Mr. Taleb goes on to point out that Mandelbrotian randomness more accurately depicts many phenomenon as it allows for greater deviations within a sample and more probable outliers. The point is made enthusiastically and in an idiosyncratic style. It’s accessible in a way that encourages most people to understand the contents and query current models for market analysis. It’s not an in-depth mathematical treatise and this is ultimately a weakness given some of the grand claims. However, Taleb’s rage at the amount of bullshit spouted by should-know-better financial and quantitative engineers is understandable. You only have to watch market analysts in programmes on CNN, MSNBC to figure out that, with a lot of jargon, there’s often not a lot of actual knowledge or understanding. Differences of opinion and rude/crude arguments abound but few of the experts called the current crisis. What’s the point of accepted financial models if they’re not just unsuccessful at predicting (a very hard task) but cause risk to be discounted (a very bad thing)? The Black Swan is essential reading for anyone who’s blithely applying statistical models to whatever economic, marketing or social science application they’re working on. It should give them pause for thought.

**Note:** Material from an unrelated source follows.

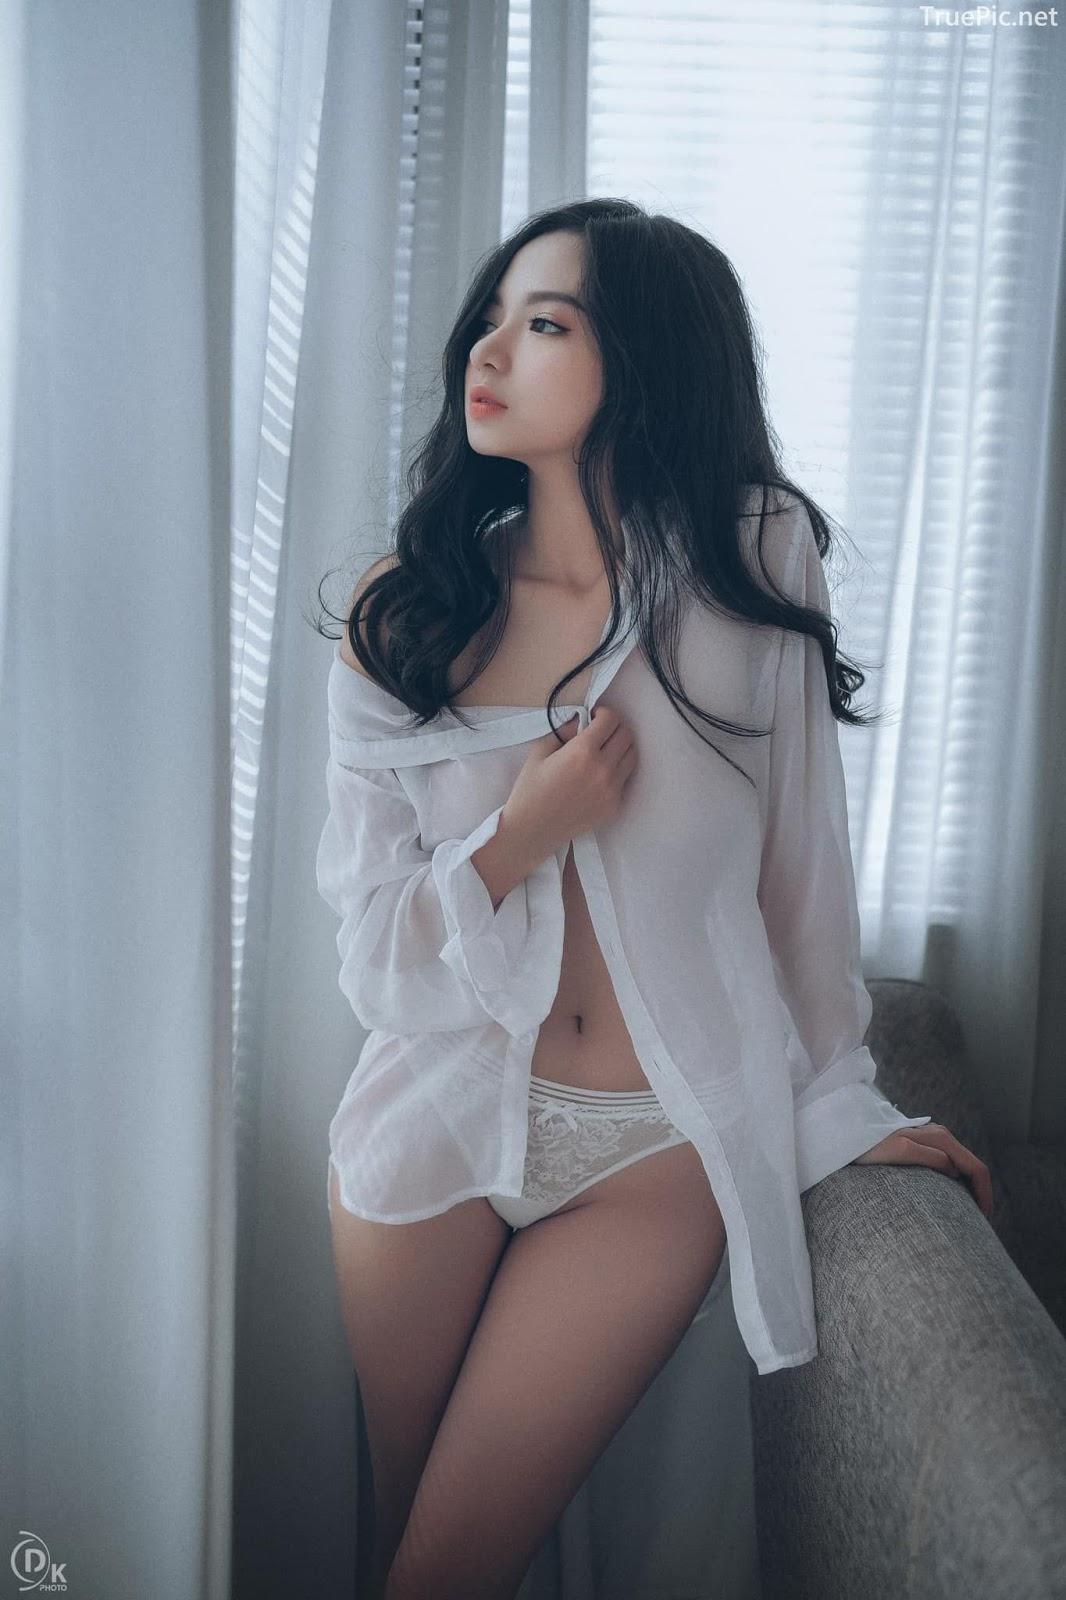 Vietnamese Sexy Model - Vu Ngoc Kim Chi - Beautiful in white - TruePic.net- Picture 18

So, back to my headline. Mankind are great at producing huge inequalities and surprising outliers. History is littered with them! The more power we achieve over our environment and, indeed, our genetics the more probable the improbable becomes. I’d content that the number of potential black swans increasing (if that isn’t too wild any idea). Not in a linear way of course. More of a giant leap, black swan, kind of increments 🙂 We’ve found black swans on the moon, black swans in space, black swans in the earth, on the earth and with genetic engineering we can create human black swans. Scary.
So the current market models are deeply flawed. Indeed they don’t seem so much models as talking points for TV debates. Who predicted the crisis? Currently in the “Deep Financial Shit is Nigh” hall of fame are international players like Peter Schiff, Nassim Taleb and local players like David McWilliams, Alan Ahearne and Morgan Kelly. Very few economists correctly predicted the current crisis nationally or internationally.
I believe one reason for this is that it became fashionable for these most miserable of analysts to predict boom followed by a soft landing. Economists by their nature are supposed to be pessimistic and risk aware. They should be over-predicting recessions, which is the butt of the famous economist joke.
“An economist is a person who predicts 10 of the last 3 economic recessions”
In this case, there seems to have been an international fear of being caught out in predicting an end to this boom, fueled by financial innovations in the bond market. Many economists simply suspended disbelief even when scandals like Enron encouraged skepticism. Conversely this old joke gives the lie to the belief that economists create recessions. They make predictions and pass comments. Some may add to recessions and further despair but if they could really create economic turmoil then their predictions would never be wrong!